- Economic Confidence Index averages -14, down from -10
- Americans' economic outlook is lowest since November 2013
- All party groups are slightly more negative about economy
PRINCETON, N.J. -- Americans' confidence in the economy retreated in April, with Gallup's Economic Confidence Index averaging -14 for the month, down from -10 in March. The April average ties with September 2015 as numerically the worst since confidence started climbing toward positive territory in late 2014 and early 2015 after gas prices began to decline.

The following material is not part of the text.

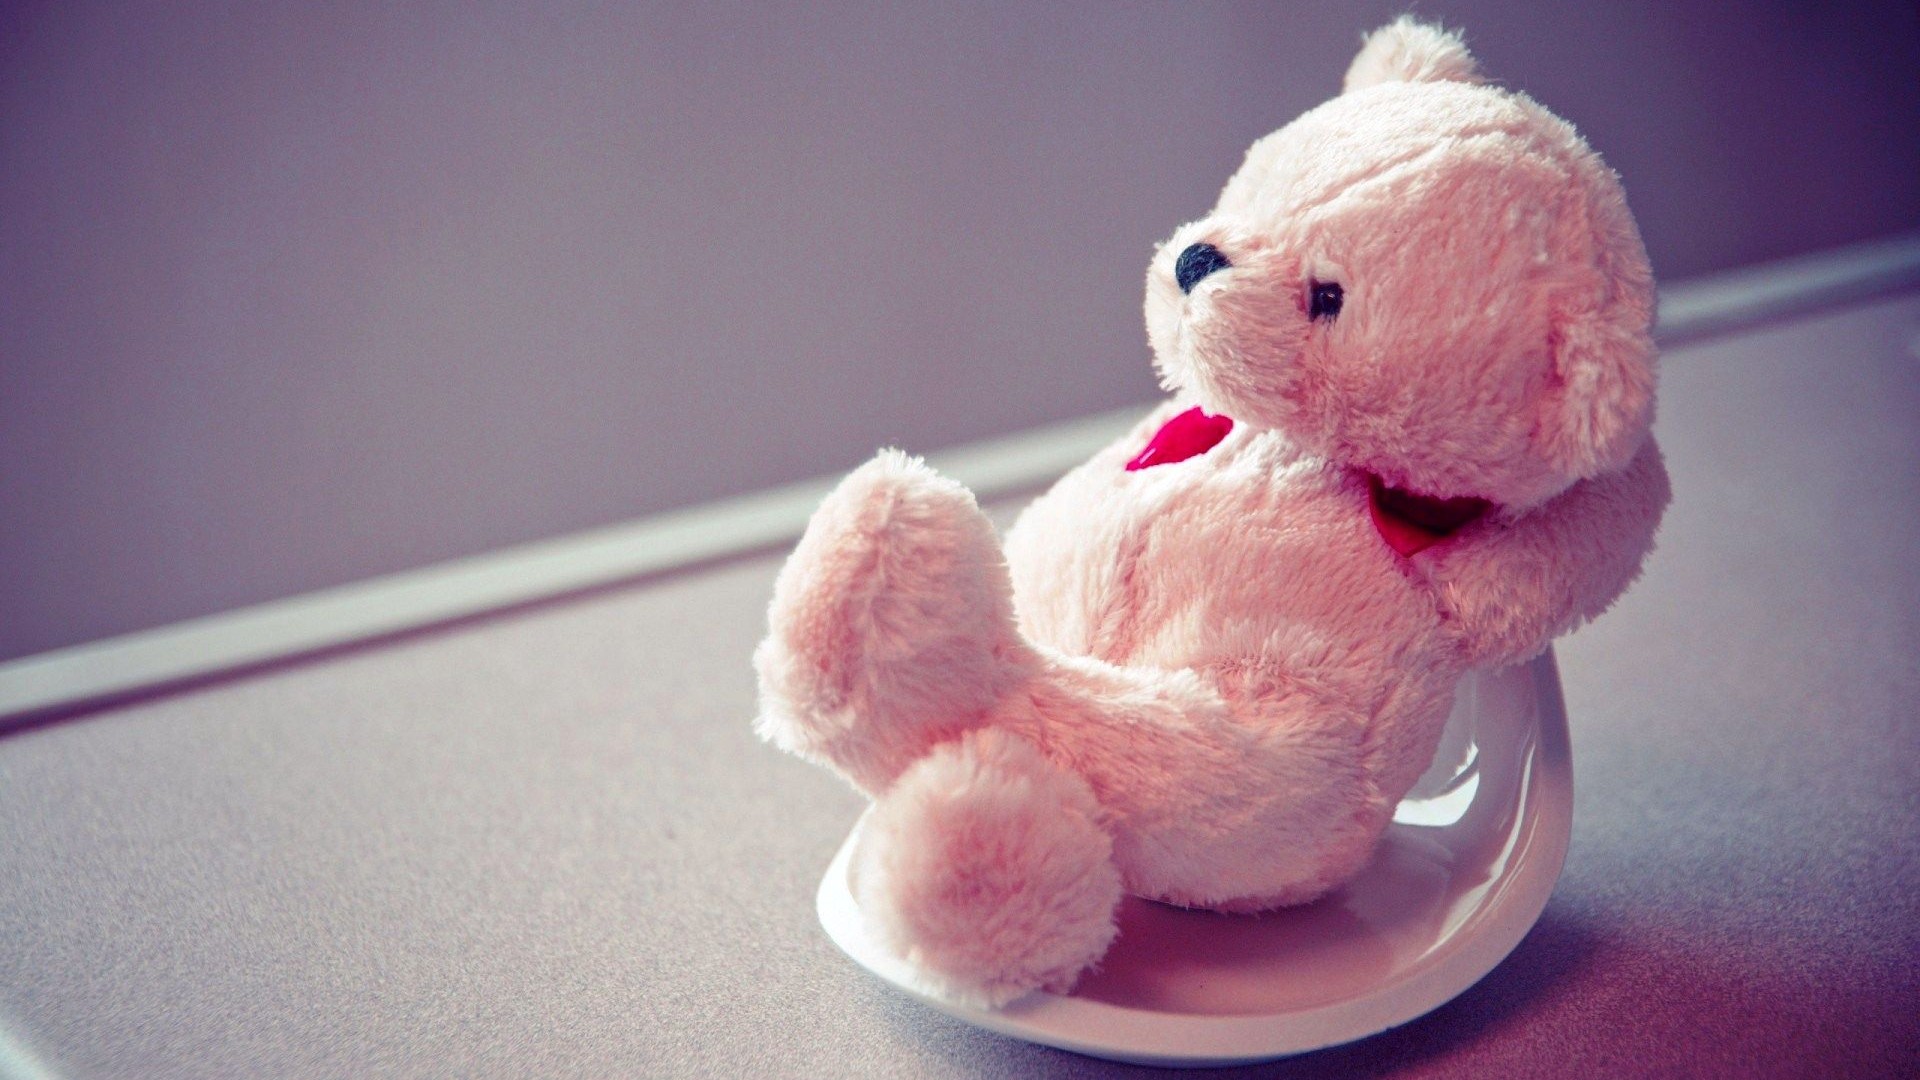 HD Cute Teddy Bear Backgrounds with image resolution 1920x1080 pixel. You can use this wallpaper as background for your desktop Computer Screensavers, Android or iPhone smartphones

The high point in confidence in Gallup's eight-year tracking trend occurred in January 2015, when the monthly index averaged +3, while the low point was -60 in October 2008. Gallup's U.S. Economic Confidence Index has a theoretical range of -100 to +100, with positive scores indicating Americans are more positive than negative about the economy. Scores have been primarily negative since 2008, although confidence has been much less negative in recent years than it was during the Great Recession.
Although the U.S. labor market remains strong and U.S. stock values are high, there are still questions about how strong the economy is. The government's recently released gross domestic product estimates indicate the economy barely grew in the first quarter of 2016, with retail spending especially weak. First quarter growth was also weak in 2014 and 2015, but those disappointing figures came amid particularly bad winter weather in many parts of the country; however, this year's winter brought milder temperatures.

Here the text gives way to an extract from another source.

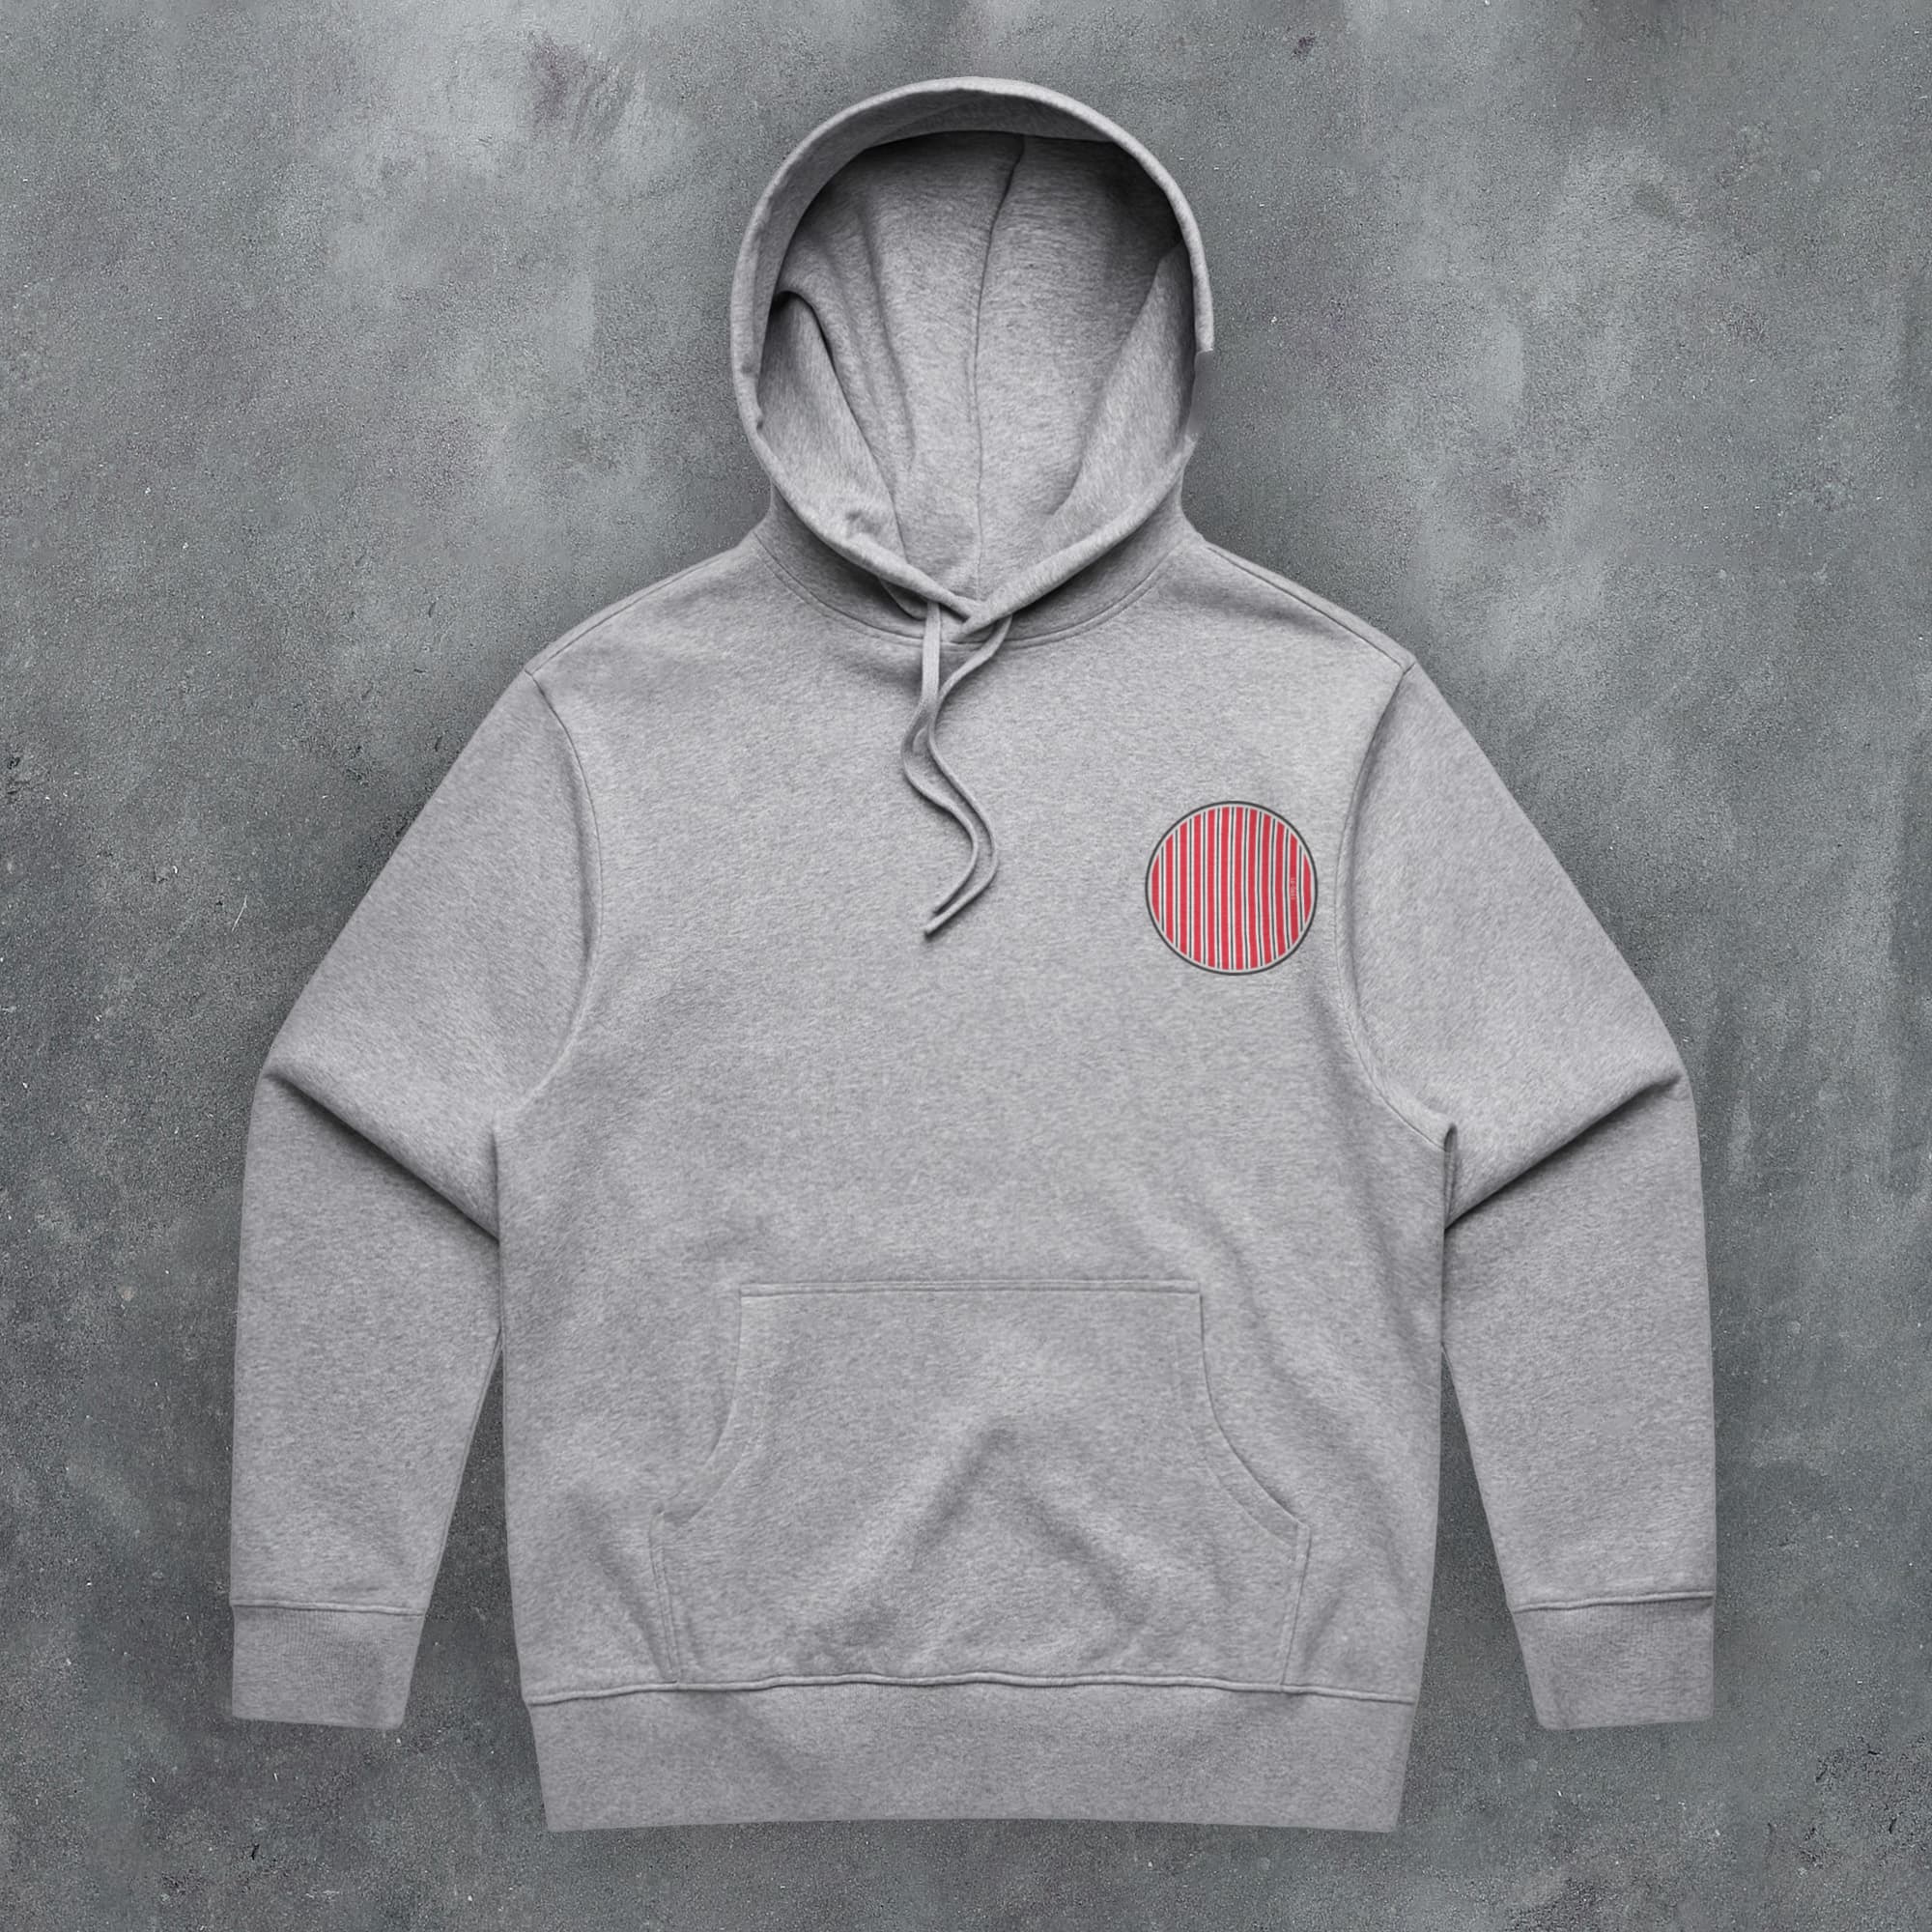 a grey hoodie with a red circle on it

Economic confidence varied significantly throughout April, with Gallup's three-day rolling averages falling as low as -20 on two separate occasions and as high as -8. The most recent weekly average, based on April 25-May 1 interviewing, shows the confidence index at -15, right around the monthly average.
Americans Less Negative About Current State of the Economy Than Its Outlook
Gallup's U.S. Economic Confidence Index is based on Americans' ratings of current conditions and their outlook on whether the economy is getting better or worse. Since March 2015, Americans have been more upbeat about the current state of the economy than about the direction in which it is headed. In late 2014 and early 2015, as gas prices dropped, the two ratings were generally similar.
In April, 24% of Americans rated current economic conditions as "excellent" or "good," while 30% said they were "poor," resulting in a current conditions score of -6. At the same time, 37% said the economy was "getting better" and 58% said it was "getting worse," for an economic outlook score of -21. The gap between the two ratings ties as the largest in the past year.
Gallup has not found a lower economic outlook score than the current one since November 2013, when 34% of Americans thought the economy was getting better and 61% thought it was getting worse.
All Party Groups More Negative About the Economy
Americans' confidence in the economy is influenced to a significant degree by political considerations, namely the match between an individual's party identification and the party of the U.S. president. As such, Democrats have consistently had greater confidence than independents and especially Republicans during Barack Obama's presidency.
Despite these consistent differences, confidence has mostly risen and fallen by similar amounts among each party group over the past few years, including in April. All three party groups showed slight drops of between two and four index points in April compared with March. The April U.S. Economic Confidence Index score was +10 among Democrats, -15 among independents and -38 among Republicans.
Democrats' index score has mostly been in positive territory since February 2012, roughly when Obama's re-election campaign kicked off. The only exception occurred in October 2013; during the partial federal government shutdown, confidence plunged and Democrats' monthly index score dropped to -9.
Although U.S. employment numbers are strong and stock values are high, there are other indications -- most notably GDP and retail spending -- that raise doubts about whether the economy is currently healthy. This is reflected in Americans' slightly more negative assessment of the U.S. economy and presidential candidates' acknowledgement that certain aspects of the economy need to be addressed. It is also made clear by the Federal Reserve's caution to date in raising interest rates.
In 2014 and 2015, weak first quarter economic growth was followed by stronger growth and increased consumer spending in the second quarter, with many economists attributing the slower first quarters to poor weather. But the sluggish first quarter this year is not a result of poor winter weather holding down consumer activity; thus, it is less predictable whether GDP will bounce back in the second quarter.
One positive sign is that Gallup's measure of consumer spending -- based on respondent self-reports of their actual spending -- showed a strong increase in April, suggesting that second quarter consumer activity could be off to a relatively strong start.
These data are available in Gallup Analytics.
Results for this Gallup poll are based on telephone interviews conducted April 1-30, 2016, on the Gallup U.S. Daily survey, with a random sample of 15,198 adults, aged 18 and older, living in all 50 U.S. states and the District of Columbia. For results based on the total sample of national adults, the margin of sampling error is ±1 percentage points at the 95% confidence level. All reported margins of sampling error include computed design effects for weighting.
Each sample of national adults includes a minimum quota of 60% cellphone respondents and 40% landline respondents, with additional minimum quotas by time zone within region. Landline and cellular telephone numbers are selected using random-digit-dial methods.